A faithful copy of the data below is required, leaving out every picture.

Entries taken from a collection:
+++

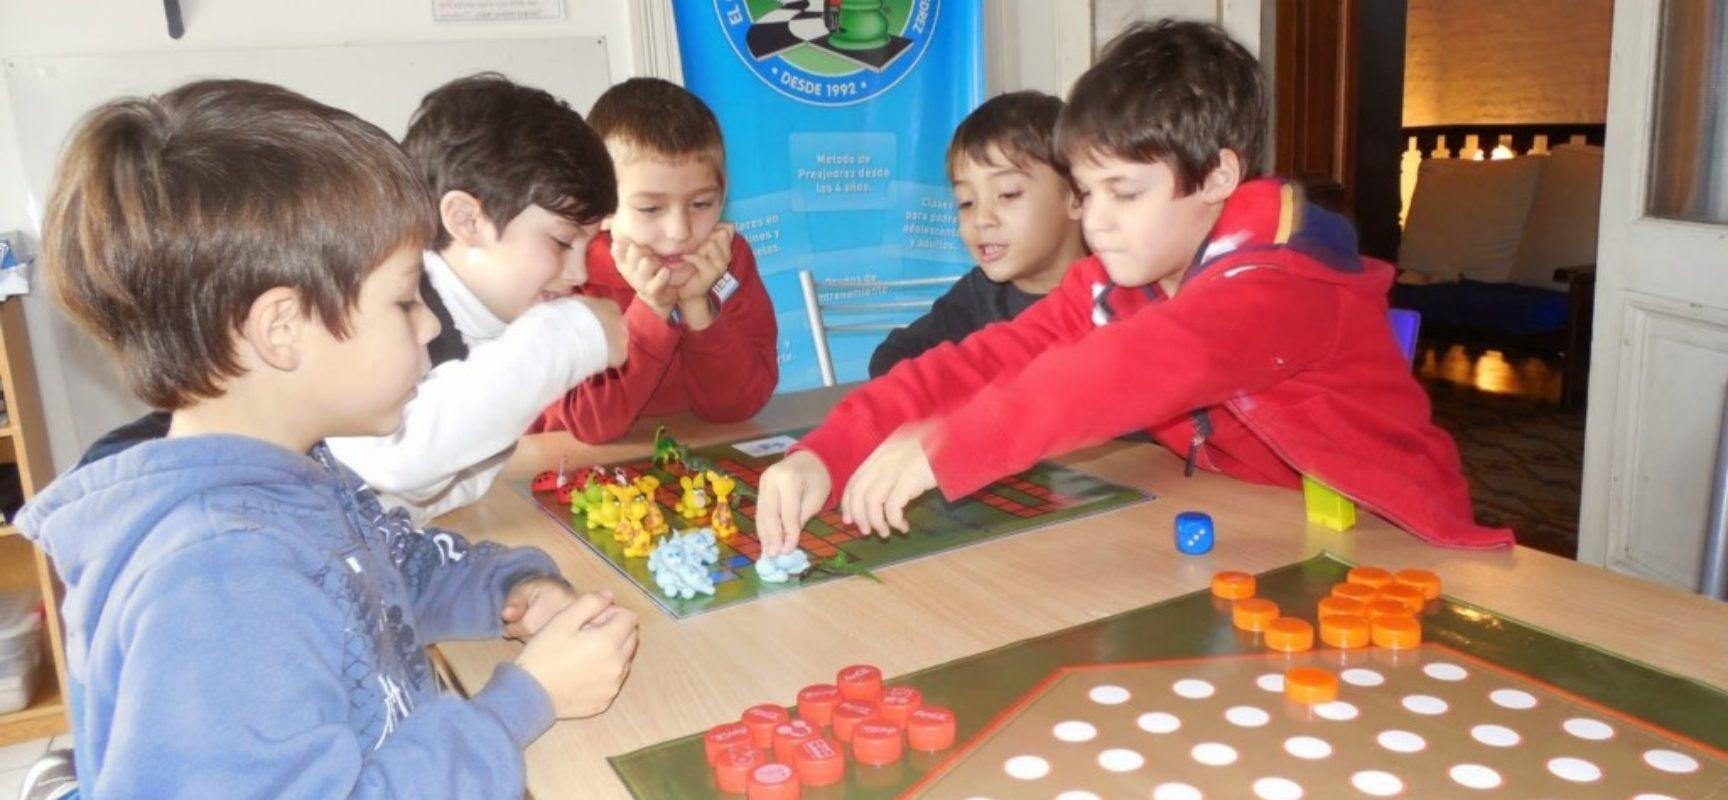 Marina Rizzo: 'En el ajedrez competitivo, uno está centrado en uno mismo y en el educativo, en los demás'
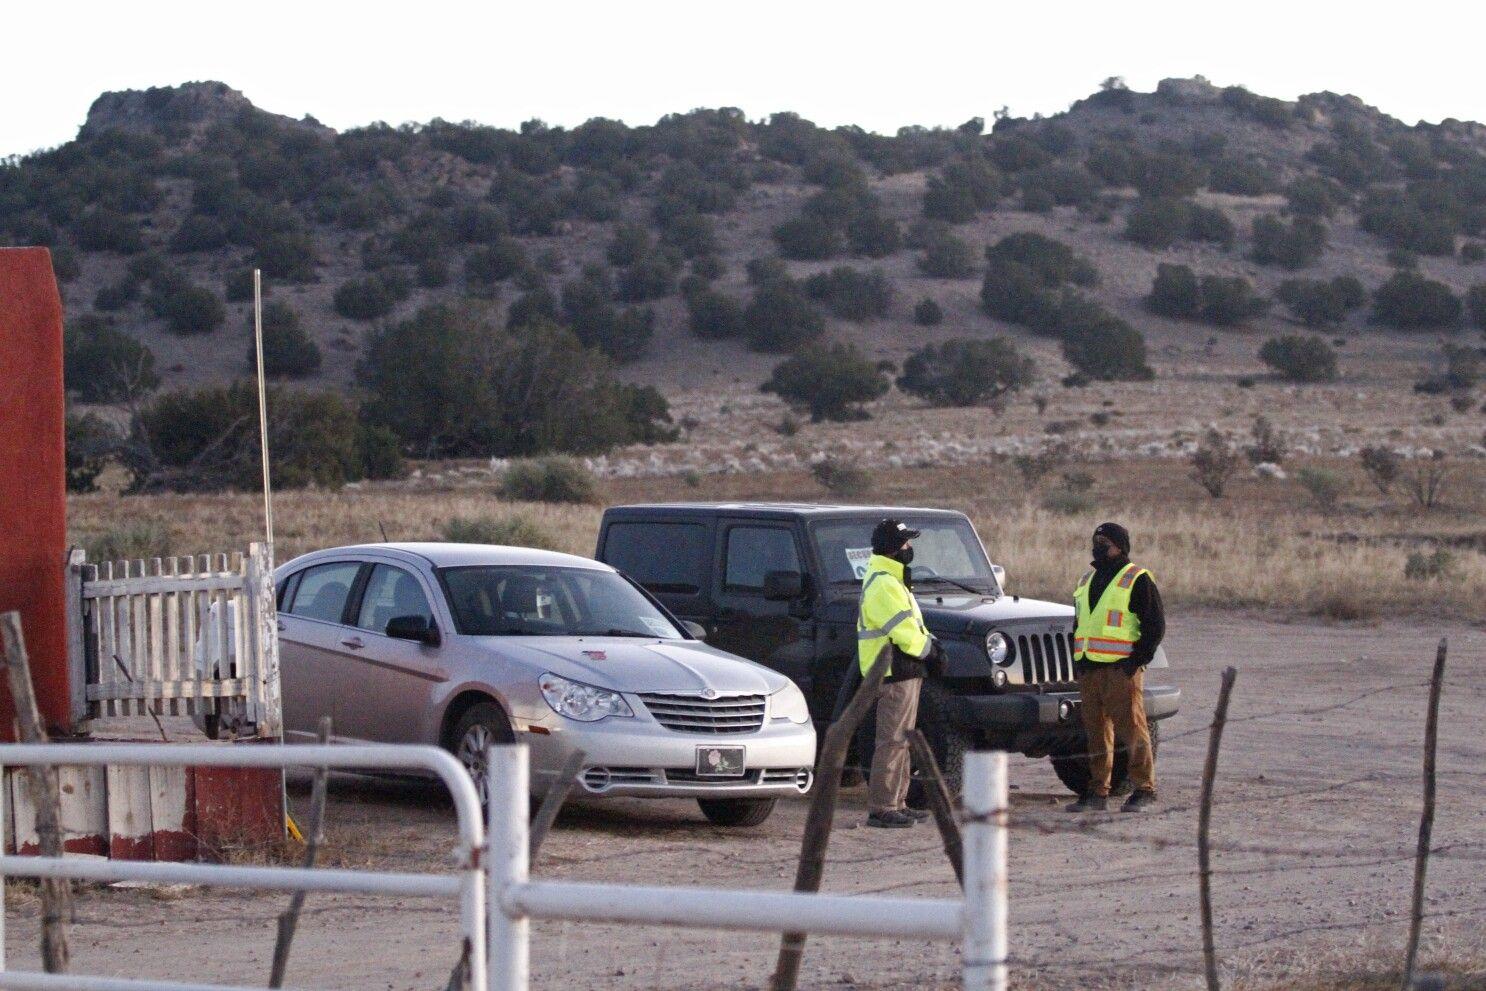 Personal de seguridad en la entrada de un set de filmación donde la policía dice que el actor Alec Baldwin disparó una pistola de utilería, matando a una directora de fotografía, en las afueras de Santa Fe, Nuevo México, el viernes 22 de octubre de 2021.
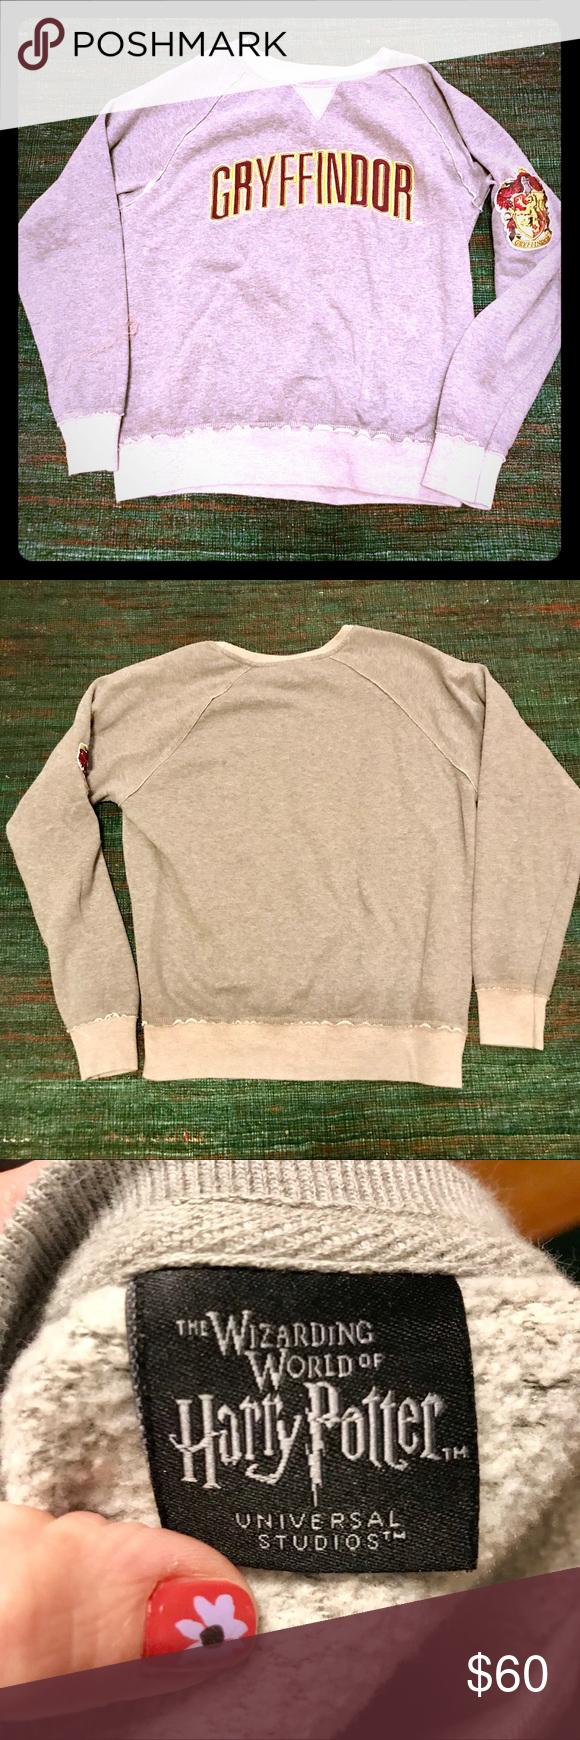 Gryffindor Sweatshirt Like New Sweatshirts Sweatshirts Hoodie Harry Potter Tops [ 1740 x 580 Pixel ]
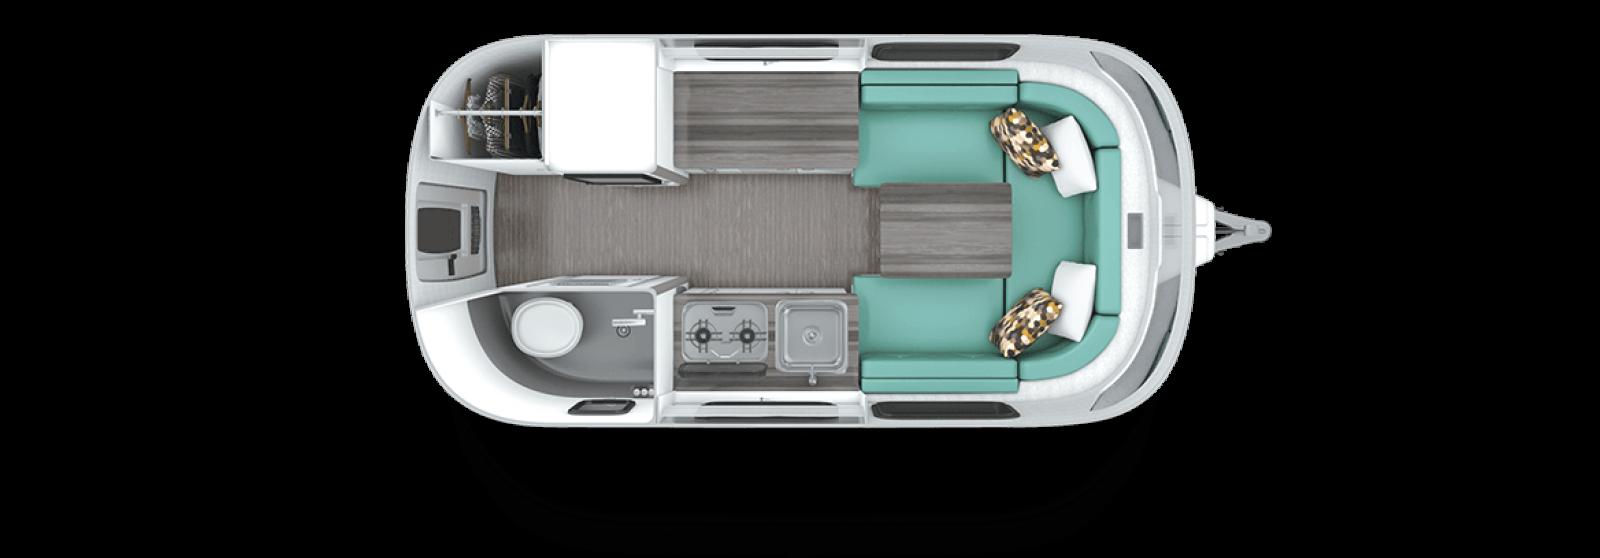 Nest-Floorplan-16Dinette-wShadow-NEW
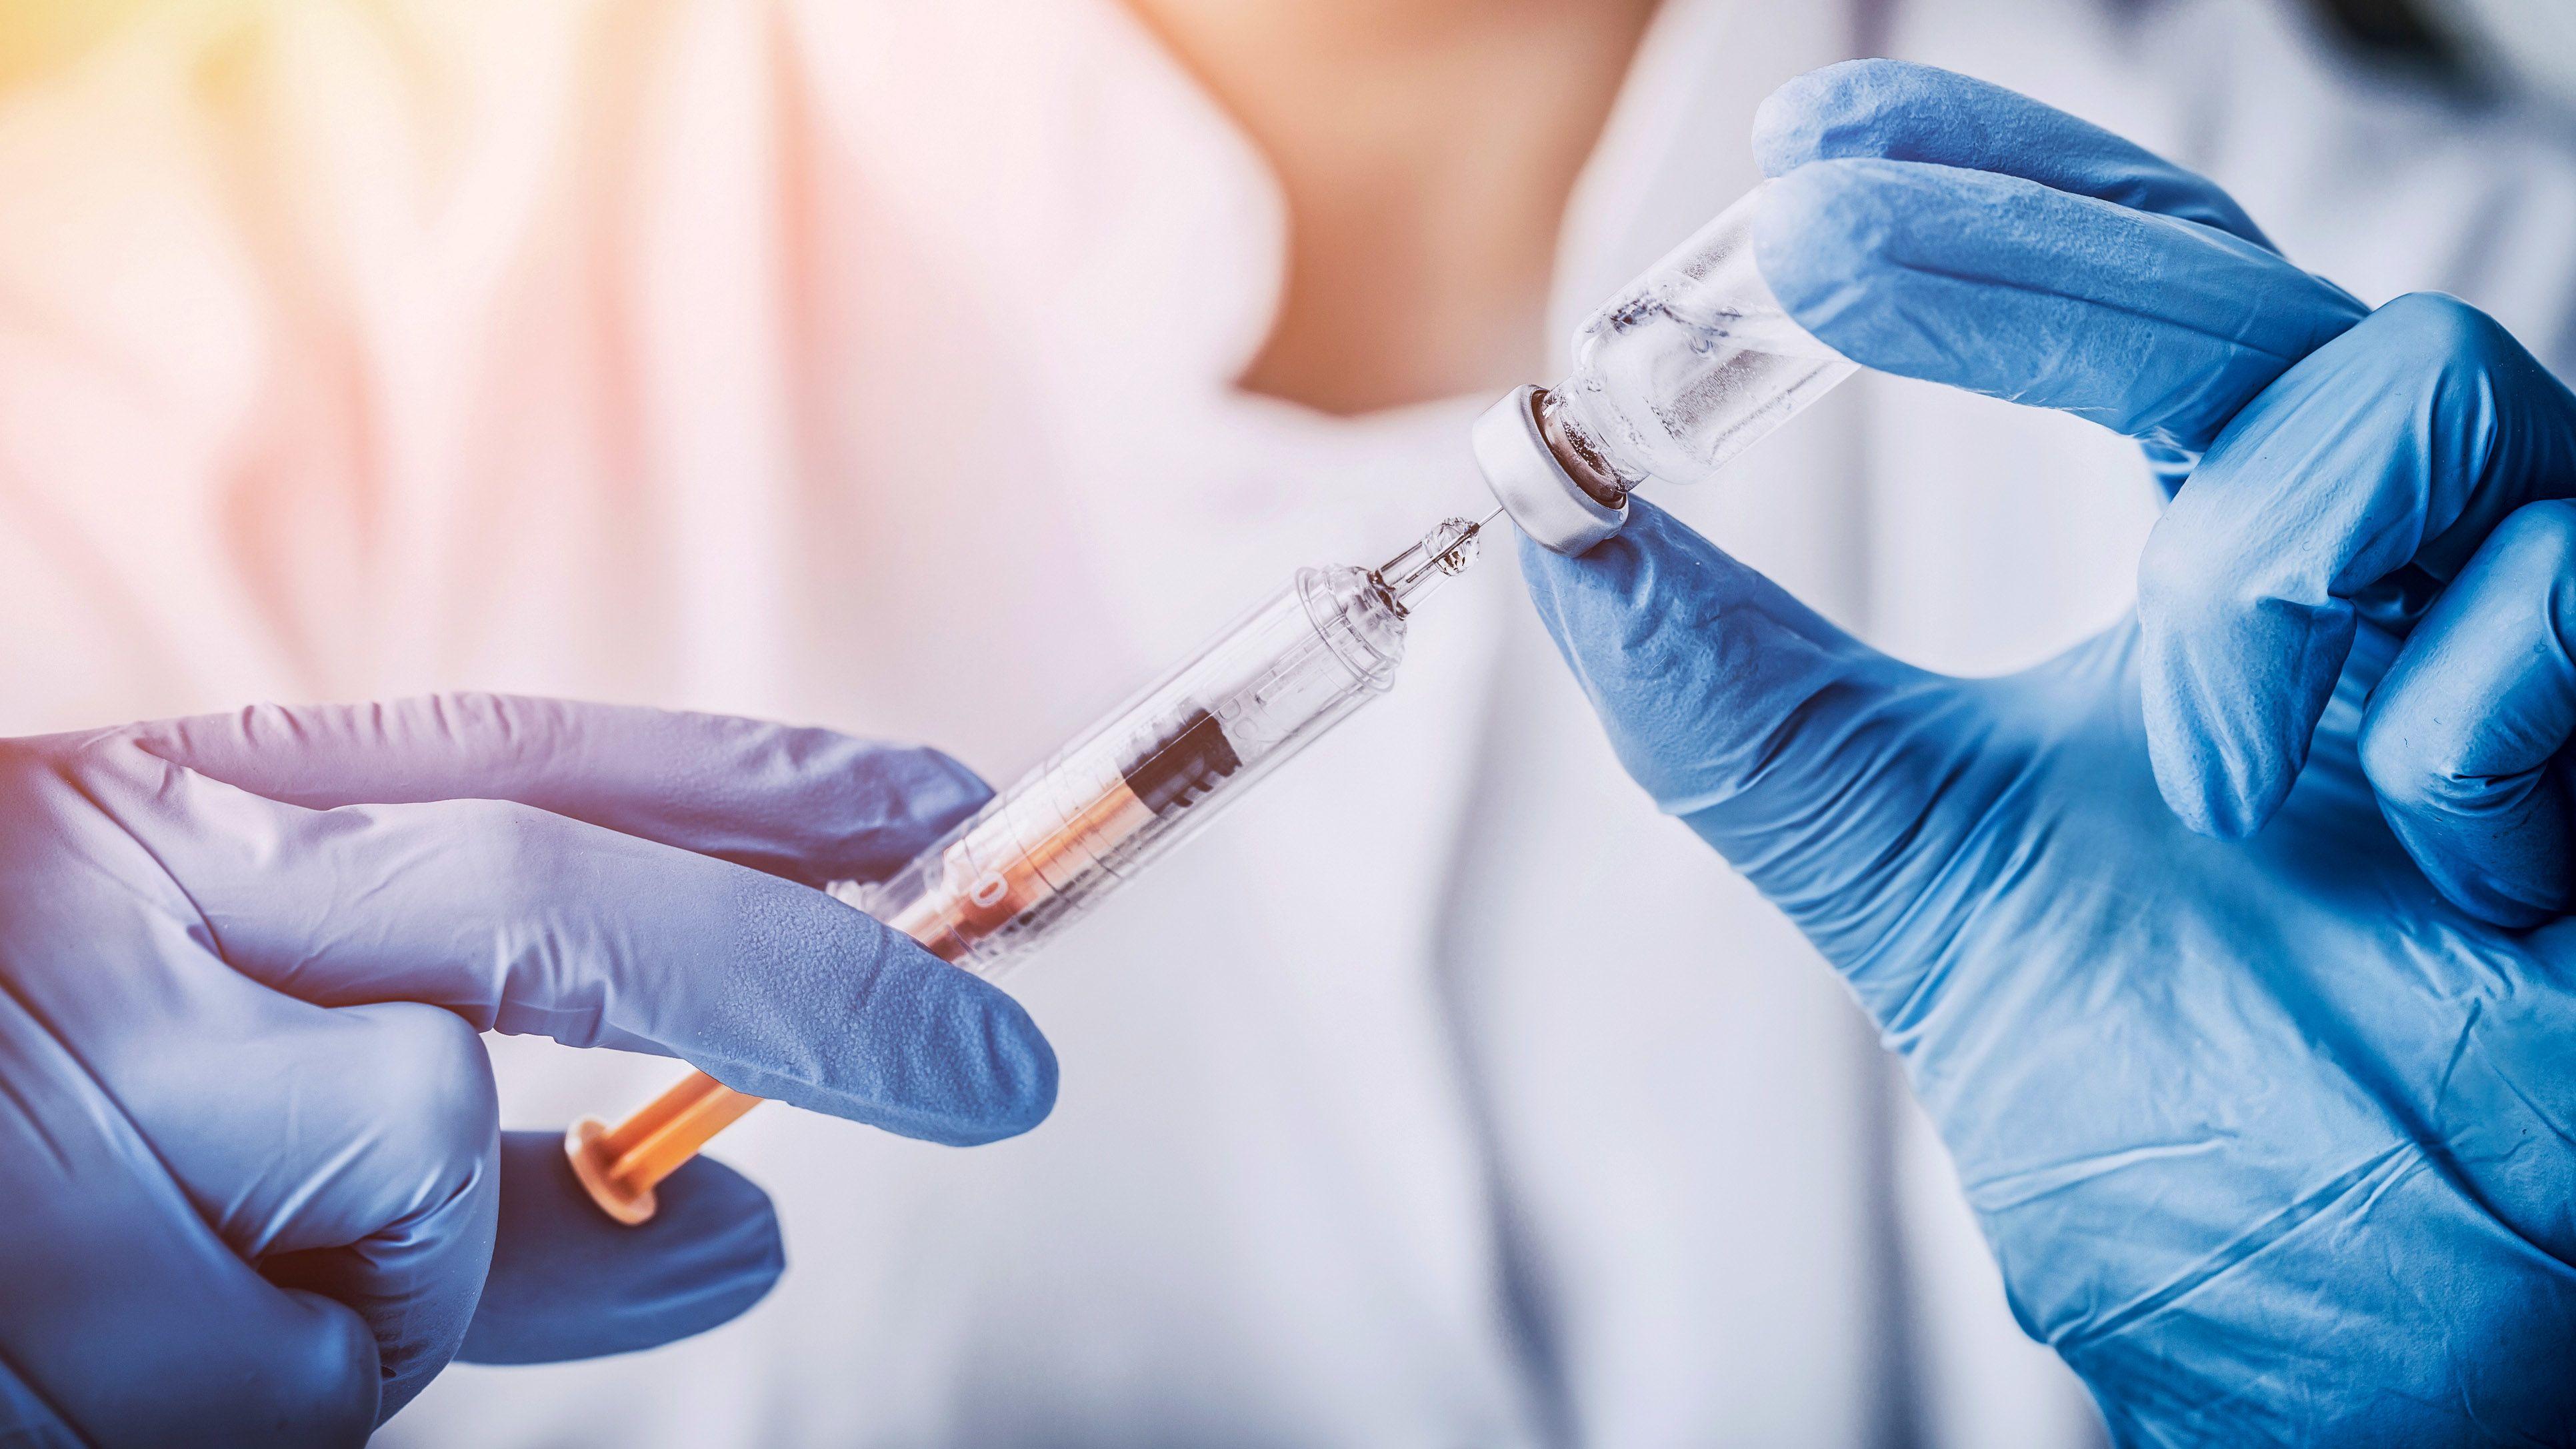 Fölösleges kockázat a HPV-oltás? | TermészetGyógyász Magazin

+++

* [Reply to the task]
 Marina Rizzo: 'En el ajedrez competitivo, uno está centrado en uno mismo y en el educativo, en los demás'
 Personal de seguridad en la entrada de un set de filmación donde la policía dice que el actor Alec Baldwin disparó una pistola de utilería, matando a una directora de fotografía, en las afueras de Santa Fe, Nuevo México, el viernes 22 de octubre de 2021.
 Gryffindor Sweatshirt Like New Sweatshirts Sweatshirts Hoodie Harry Potter Tops [ 1740 x 580 Pixel ]
 Nest-Floorplan-16Dinette-wShadow-NEW
 Fölösleges kockázat a HPV-oltás? | TermészetGyógyász Magazin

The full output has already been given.